The Union Label and Service Trades Department, AFL–CIO was founded on April 12, 1909, to promote the products and services produced in America by trade union members—especially those products and services identified by a union label, shop card, store card and/or service button. The department is a constitutionally mandated department of the AFL–CIO.

The department's offices are located at the AFL–CIO headquarters in Washington, D.C. The department has many state and local councils and committees, and works closely with AFL–CIO state and local labor bodies to carry out its functions.

Activities
The ULS&TD primary function is to promote the union label. These emblems demonstrate that the employees who make the product or provide the service are union workers, and that they are treated fairly by their employers.

The ULS&TD also coordinates national boycotts that have been endorsed by the AFL–CIO executive council.

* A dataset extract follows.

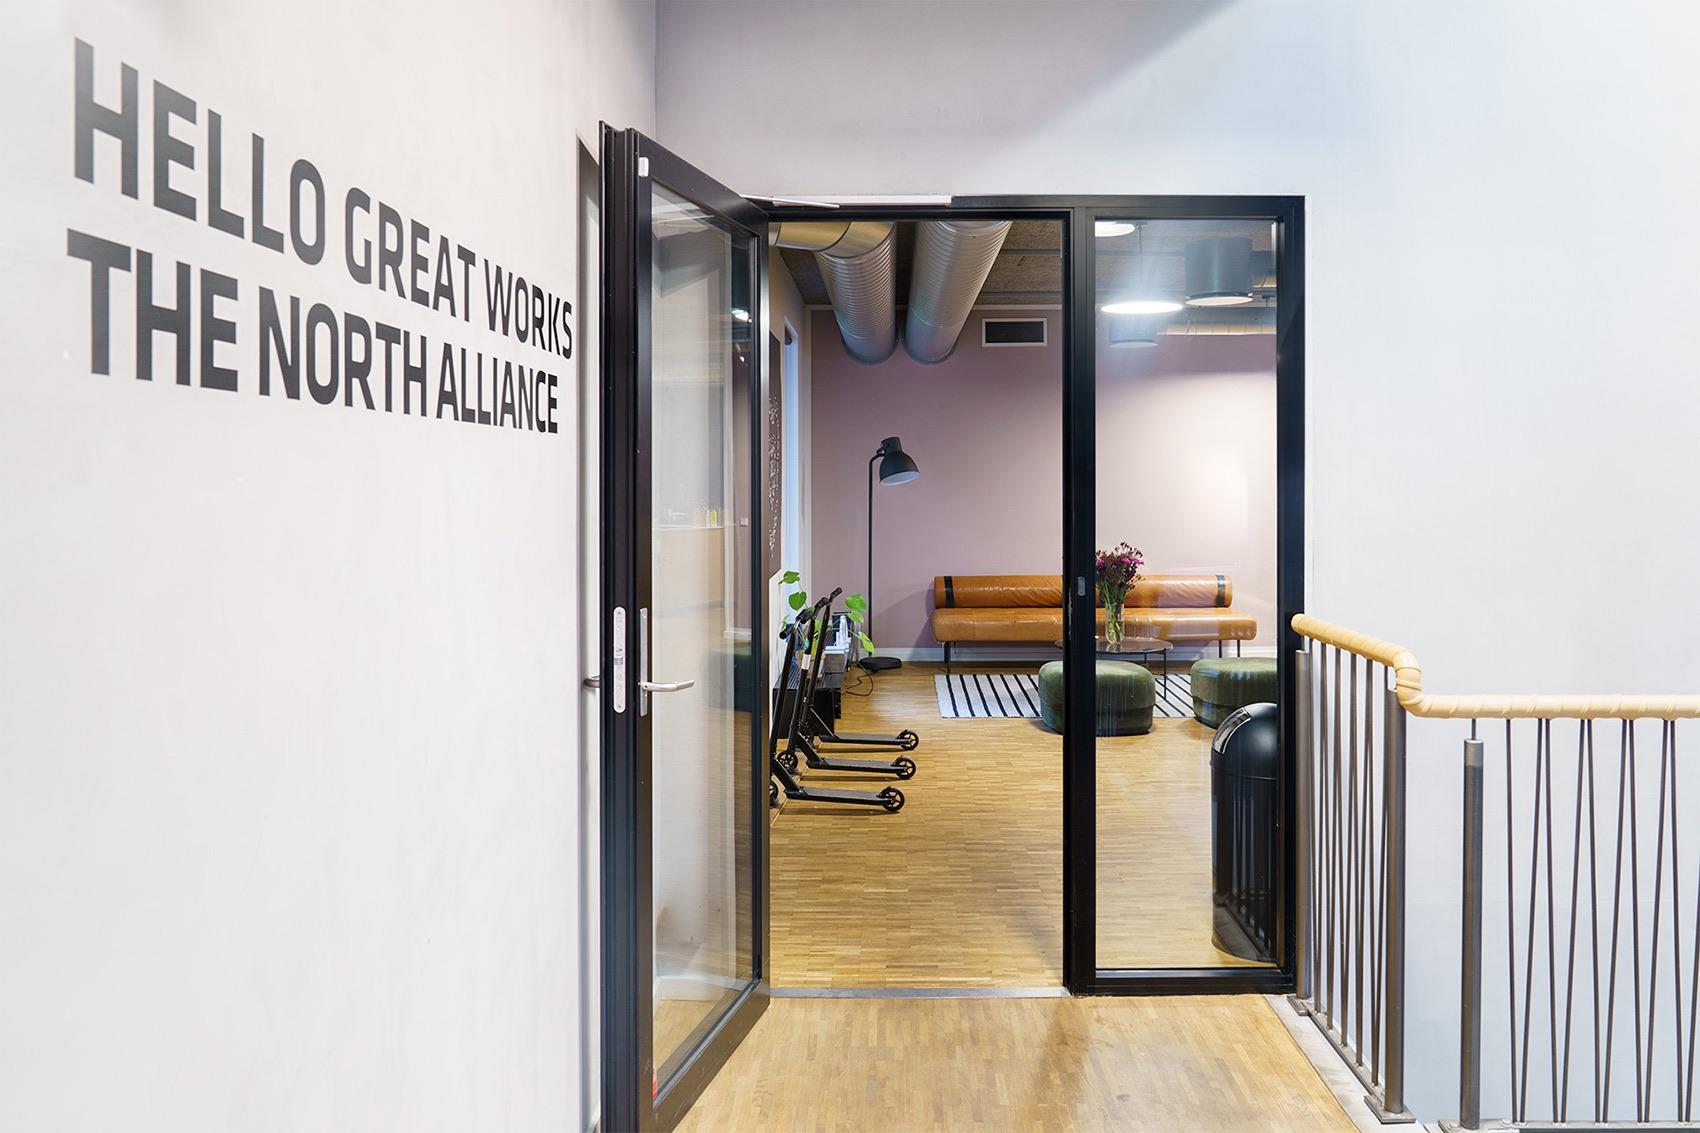 hello-great-works-copenhagen-office-1

The department maintains and publishes the "Do Not Buy" list of companies being boycotted and the products and services involved. The Label Letter publication is the most visible means the department uses to publicize boycott updates. The Label Letter features special interest stories, alerts, a "Do Buy" section, and other information of interest. Member unions of the AFL–CIO and their local affiliates often reproduce sections and articles of the newsletter to spreading the "union label message" to union members and their families.

One of the more widely known activities of the department is the annual AFL–CIO Union-Industries Show. Held in a different city each year, the show is a cooperative effort of unions and the companies with which they have contracts. Unions and employers exhibit union-made and American-made products and services. Free to the public, the event often draws large crowds.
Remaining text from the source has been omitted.